Wednesday, November 25, 2009

Capitalism: A Love Story - revolution postponed



It was a sympathetic crowd at the cinema in Melbourne's posh Brighton suburb watching Capitalism: A Love Story. They must have been either chardonnay socialists or from the other side of the tracks. Maybe they lost a bundle on the stock market last year or watched their superannuation shrink. Perhaps some were the kind of Catholic who follows the Sermon on the Mount. Michael Moore's latest documentary has something for all these groups.

Moore is no captive to ideology: the union factory occupation adjourns for mass and communion; a Sheriff refuses to evict people; the credits roll to the strains of the Internationale; the people’s revolt starts with peaceful pressure on their representatives on Capitol Hill over the bailout.

As a filmmaker he is master of the simple visual image: the confrontation at the headquarters of the Fat Cats of Wall Street and industry; the family grieving for lost loved ones or the home from which they are being evicted; the dispossessed moving back as squatters into their houses; the bulldozed factory where his father worked.

True to form, Moore takes on the big end of town in his comic citizen-arrest pieces and mock showdowns. He wraps the crime scene in Manhattan with police tape. It is, of course, the New York Stock Exchange. It could have been the guarded citadels of Citigroup, AIG, Bank of America, Goldman Sachs, General Motors or any of the other gangster dens of this documentary. All your humble security guards recognise MM immediately. His tilts at revolving doors have become a cliché for them and us. The drama and the humour have been sapped from this kind of satire. We all know the joke.

Sadly we never find out exactly what 'derivatives' are but it seems to be a synonym for theft. Karl Marx called property theft. Some irony. There appears to have been a lot of property stolen. However, Moore must only be a closet Marxist. He only mentions the other “-ism”. He sees 'democracy' rather than socialism as a solution to capitalism’s evils: worker participation and ownership, unionism, transparency. His website's "Action Plan: 15 Things Every American Can Do Right Now" is not exactly revolutionary stuff.

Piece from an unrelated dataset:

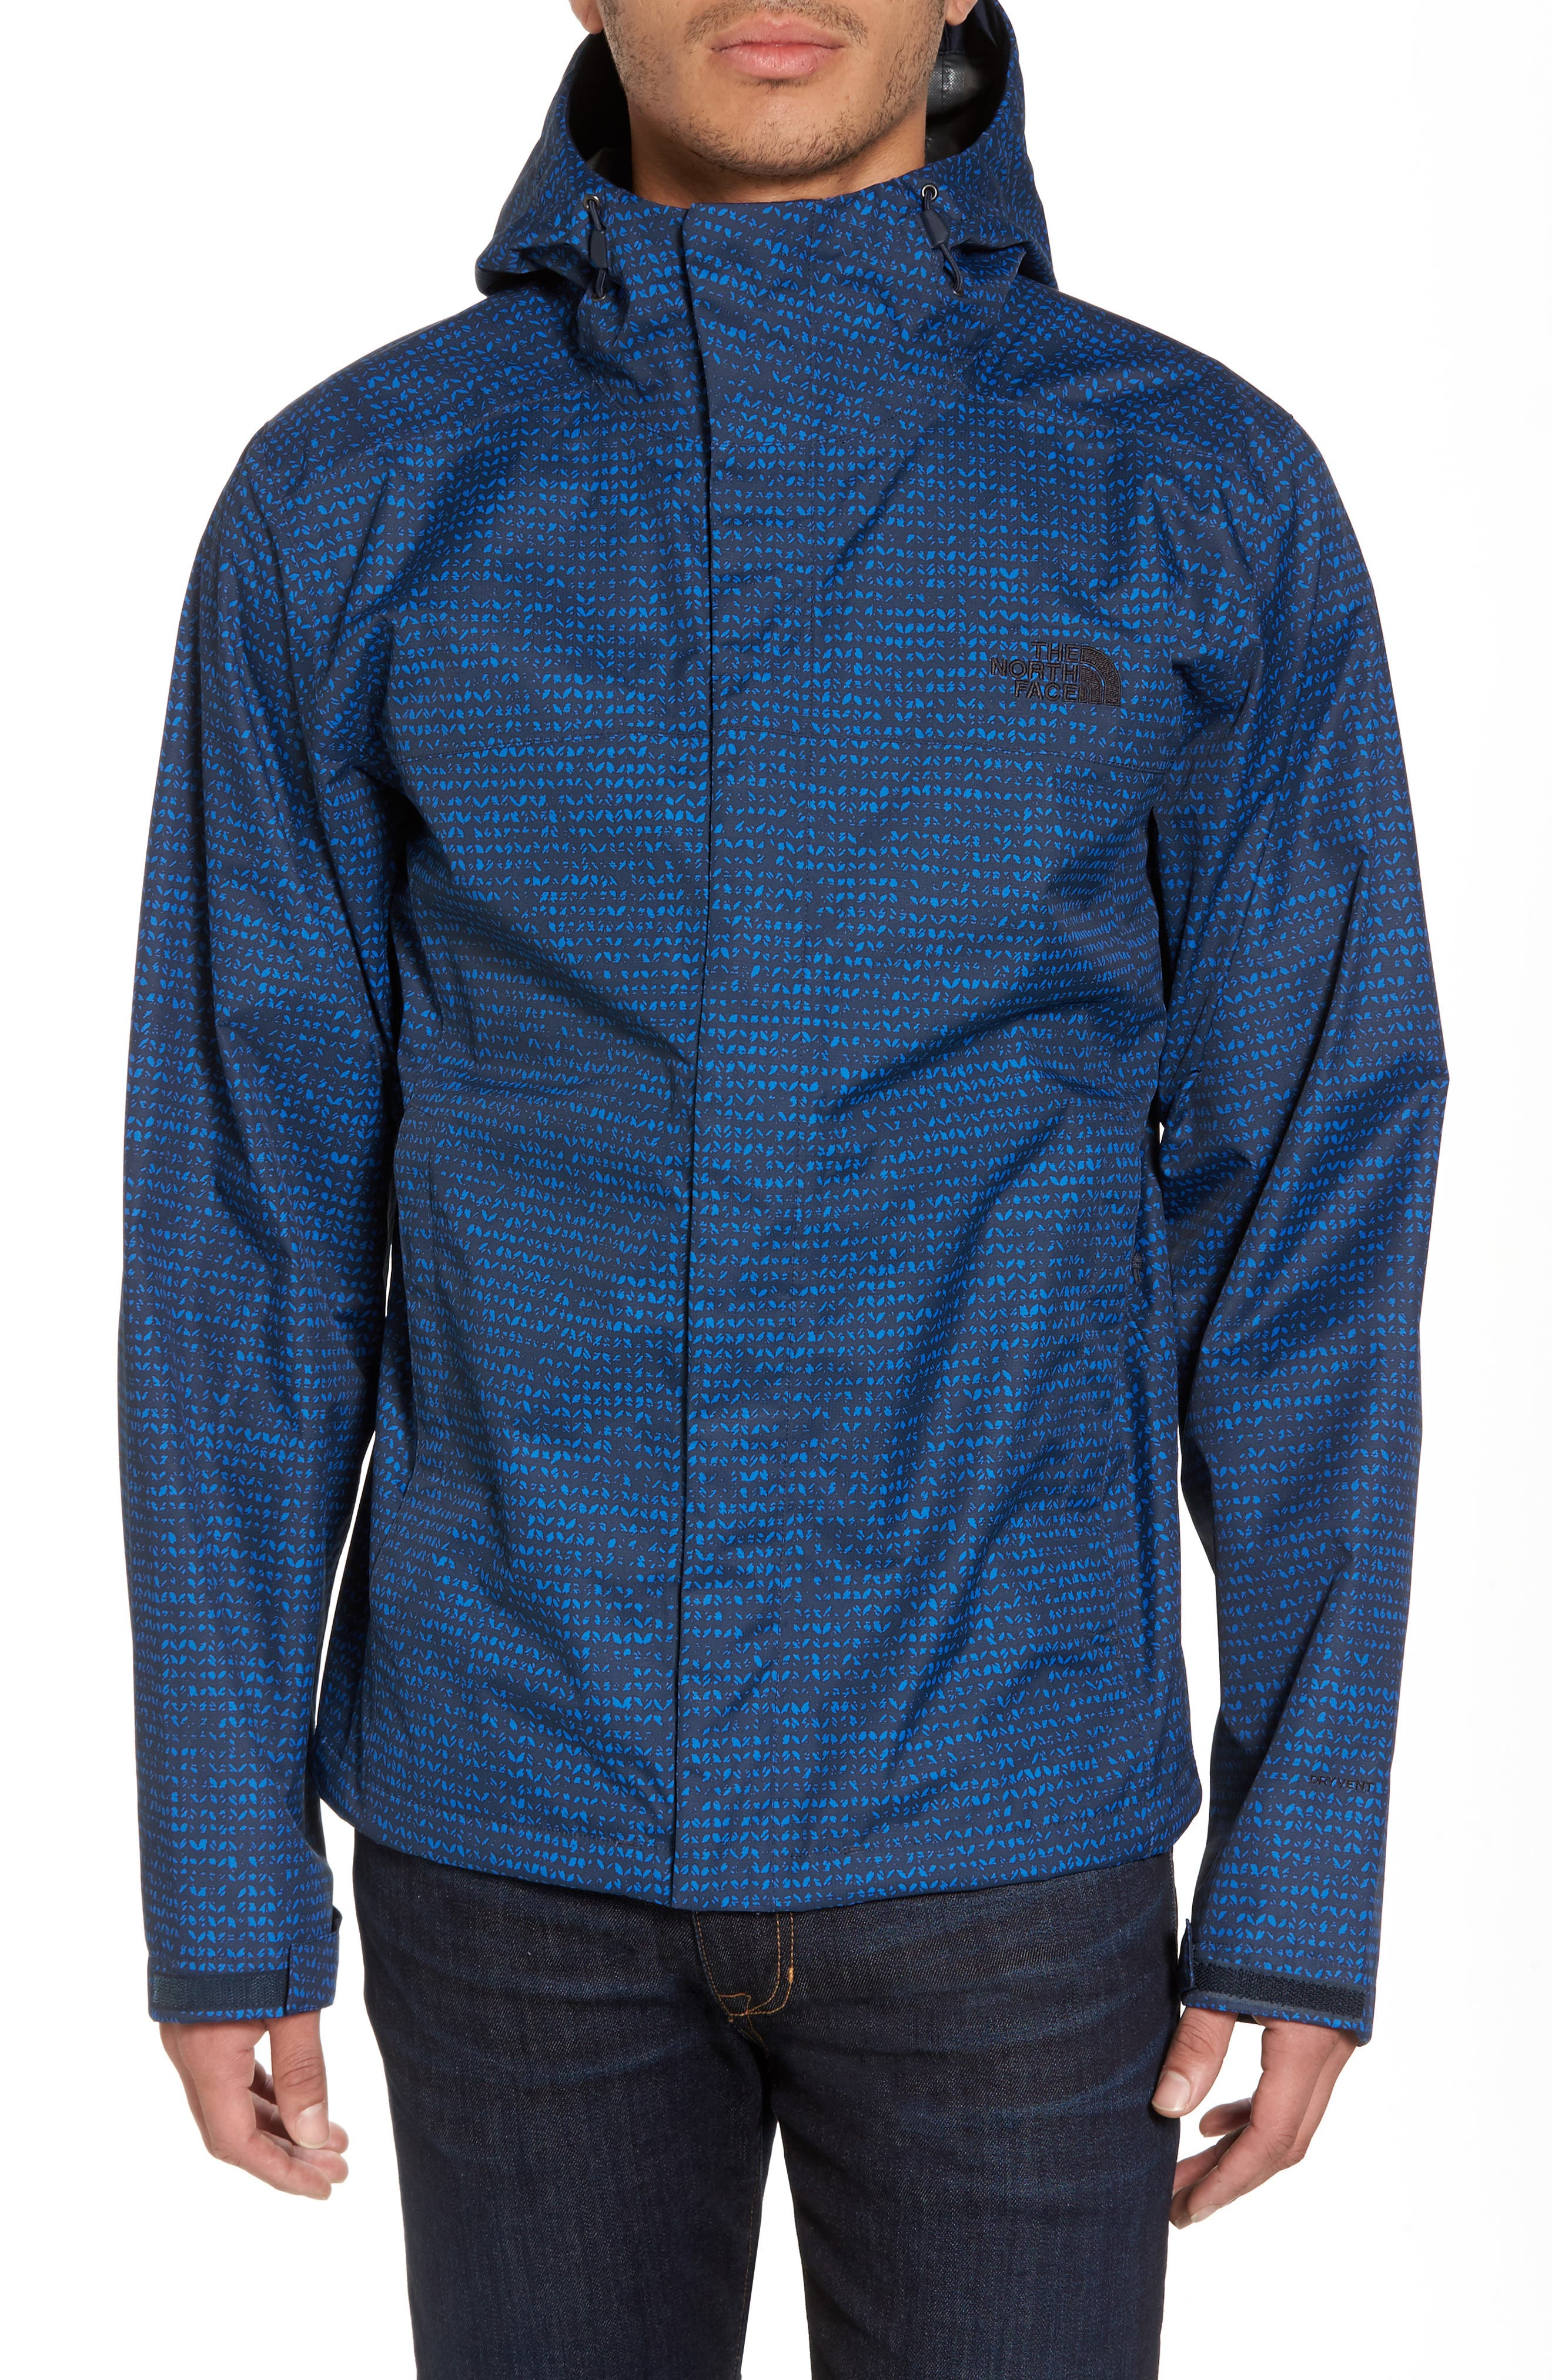 Alternate Image 1 Selected - The North Face Venture Waterproof DryVent® Jacket

But it's meeting the victims of the system that has the most impact. Moore is at his best when he talks to ordinary people: those suffering and sometimes fighting evictions, the unemployed, the un-paid families of 'dead peasant' life insurance schemes, workers taking direct action in the workplace. His faith, indeed his roots, is with the powerless.

With god, the union and the law on his side he shouldn’t fail. However, for all its heart wrenching stories of ordinary people and its compelling indictment of Big Capital and High Finance, Capitalism: A Love Story doesn’t nail the culprits. Barack Obama was the great hope when the film was made. It’s revolution postponed. A sequel would paint a sorry picture of free enterprise American style post 2008.

However, it is time to read the big print. See this if you can.



3 comments:

  1. Kevin, property is theft is a quote from Proudhon, although Marx does echo it in his writings on wood theft iun Germany.

    I actually thought Moore stressing democracy was great because that is what socialists also stress - an extension by workers of democracy into the workplace is the basis of socialist society and democratic planning to satisfy human need.

    ReplyDelete
  2. I'm in agreement about democracy in the workplace. It's a rare commodity.

    ReplyDelete
  3. We are nearing the end of economic growth. We are depleting our renewable and non-renewable resources faster than ever, while at the same time destroying our environment, and our economic base. In other words, we're burning through our principal, not living off the interest.